CO2 is not only in the sky, but found in institutional and commercial buildings and part of the air we breathe. Good ventilation keeps the concentrations of CO2 and contaminants low to protect occupants and prevent contaminants from accumulating.
Managers are always looking for ways to improve IAQ in their facilities. The National Institute of Standards and Technology (NIST) developed a free tool that calculates target CO2 levels based on the user’s desired ventilation rate and information about the building and its occupants.
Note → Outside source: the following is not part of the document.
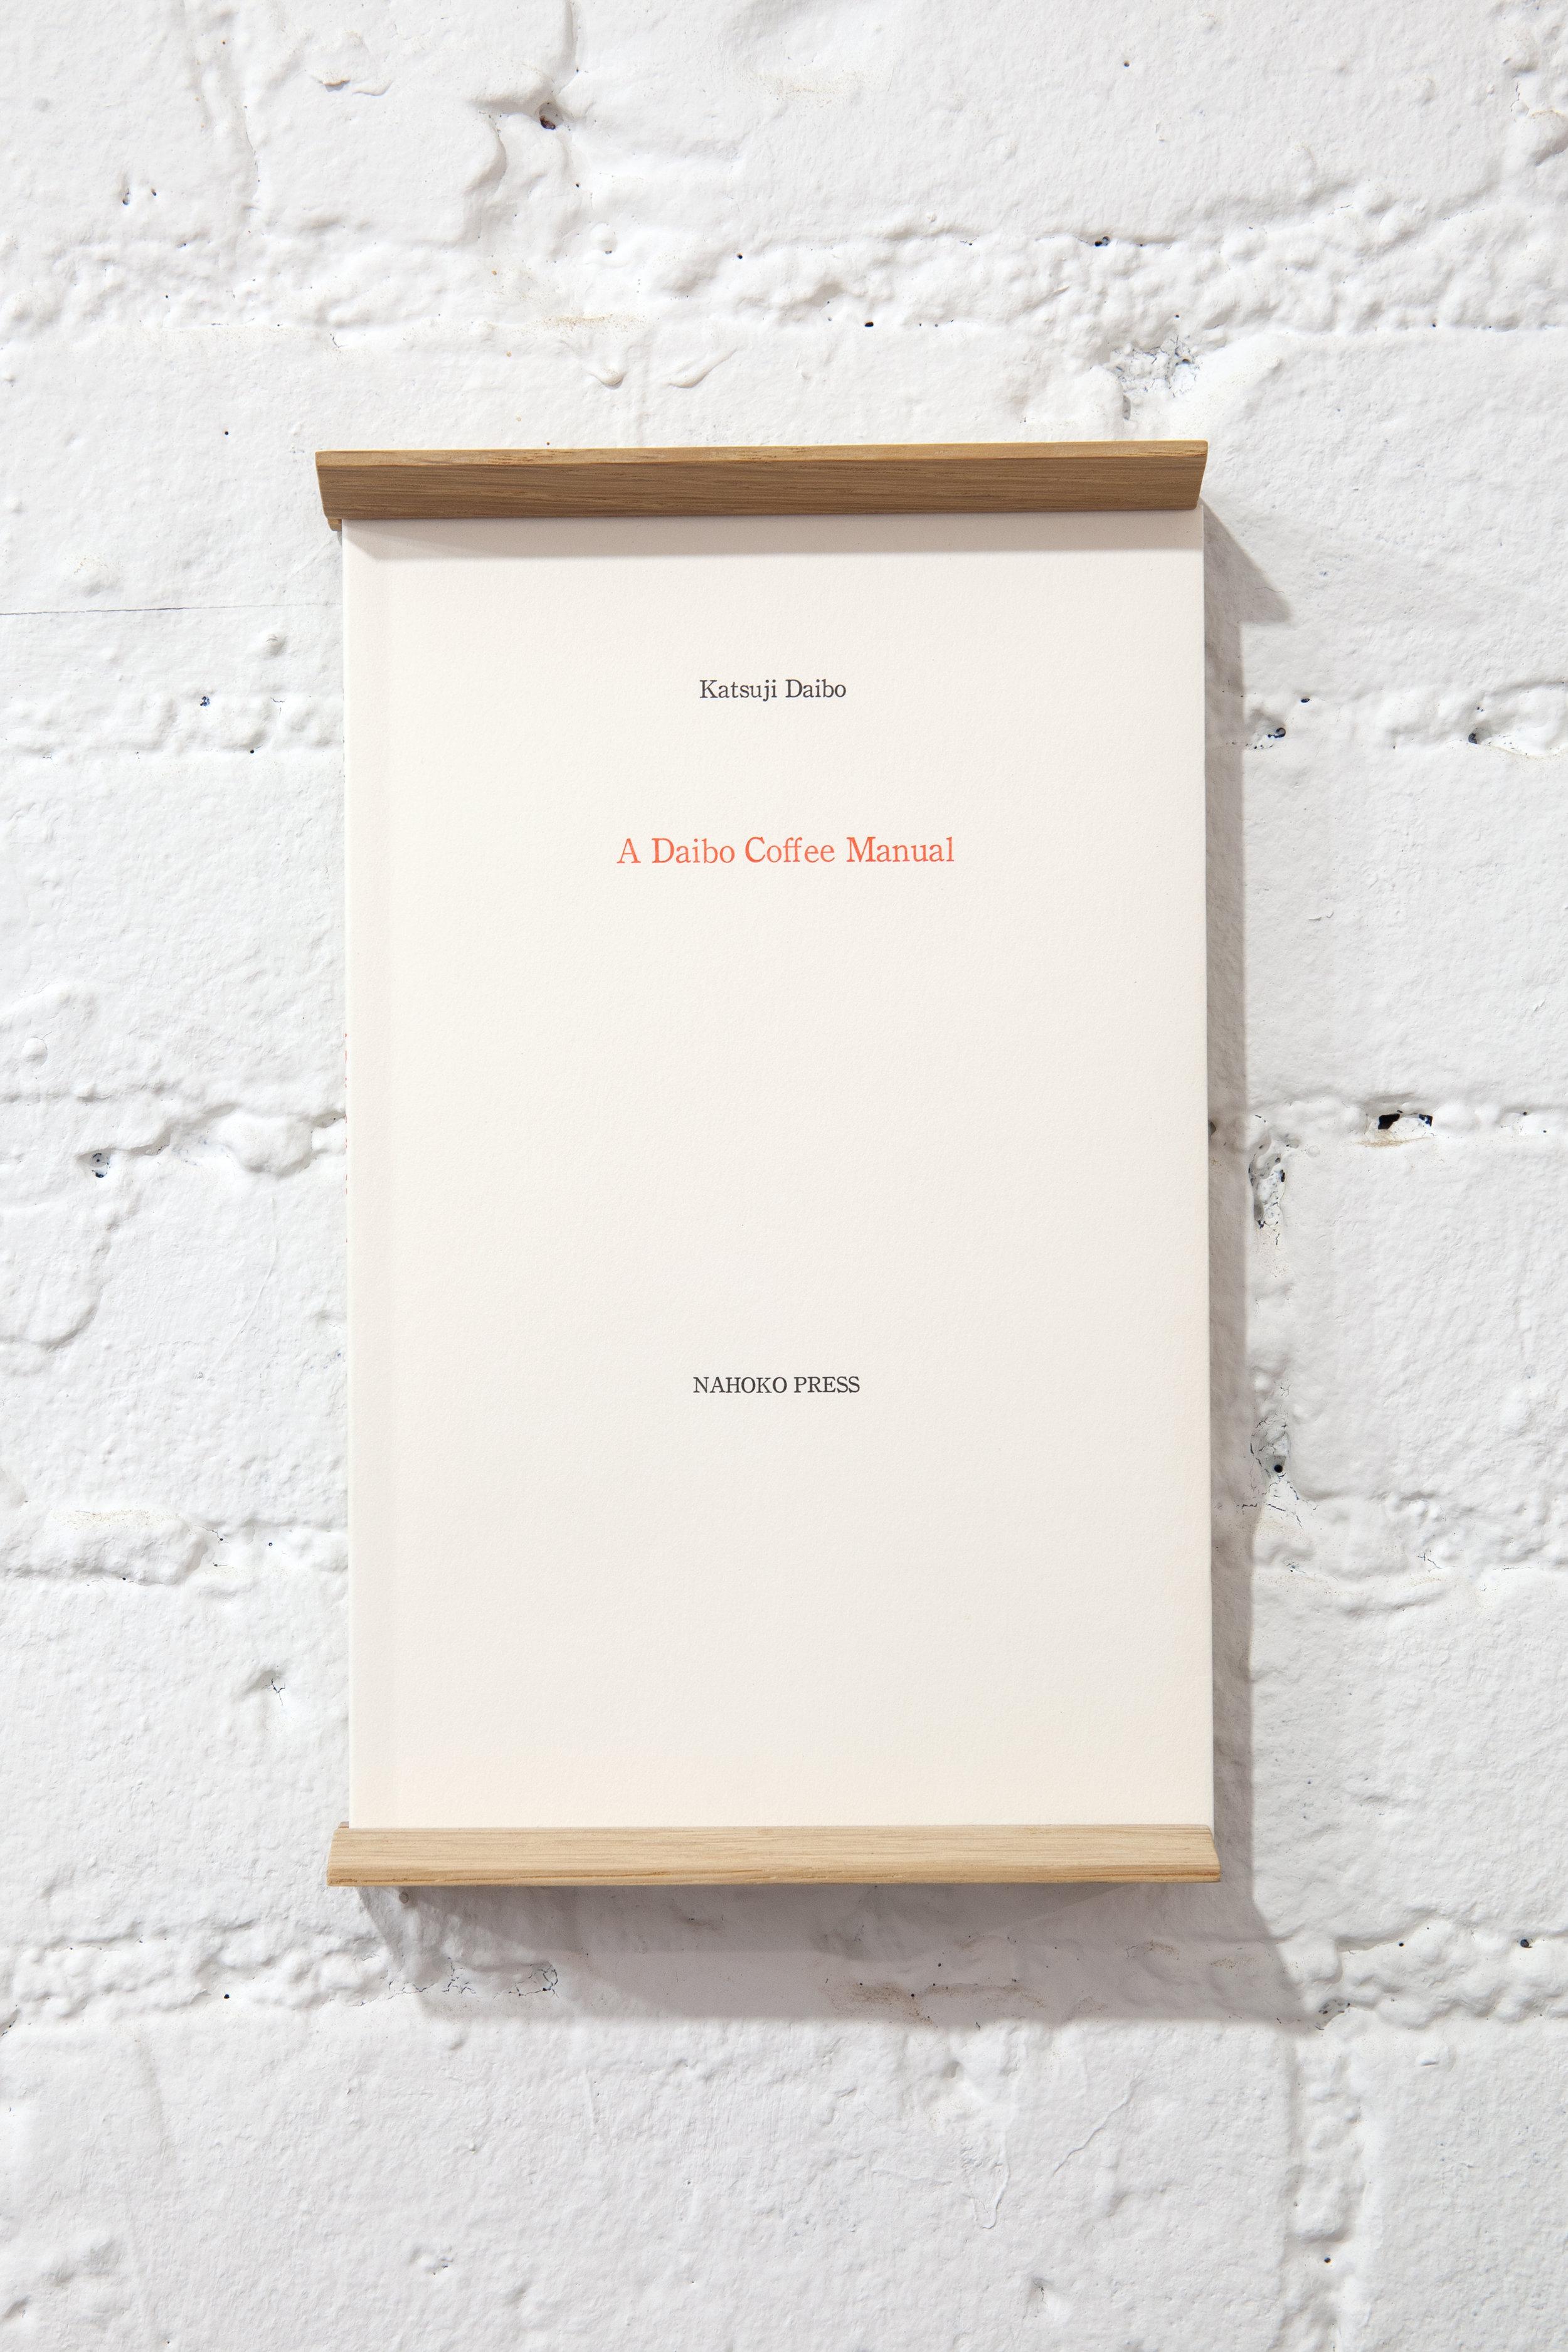 Nahoko Press  A Daibo Coffee Manual  Letter-press book

With the NIST resource, managers can use CO2 readings to routinely check ventilation, detecting potentially unfavorable conditions that could lead to the buildup of harmful contaminants.
“By measuring CO2, you can verify that you’re achieving the ventilation rate that your space was designed for, but you need to consider all the factors that impact CO2 levels,” says NIST Fellow Andrew Persily, author of a new paper in the journal Indoor Air that describes how to properly use CO2 to gauge ventilation and the NIST tool.
CO2 monitoring technology rose in popularity during the pandemic, as federal and industry experts recommended improved ventilation along with using other measures such as masks and air filters, which do not capture CO2 but can stop the spread of infectious aerosols. But monitoring is only half the battle.
“With the pandemic, many restaurants and other kinds of businesses started putting CO2 monitors on the wall. But what do those numbers they are showing mean,” Persily says.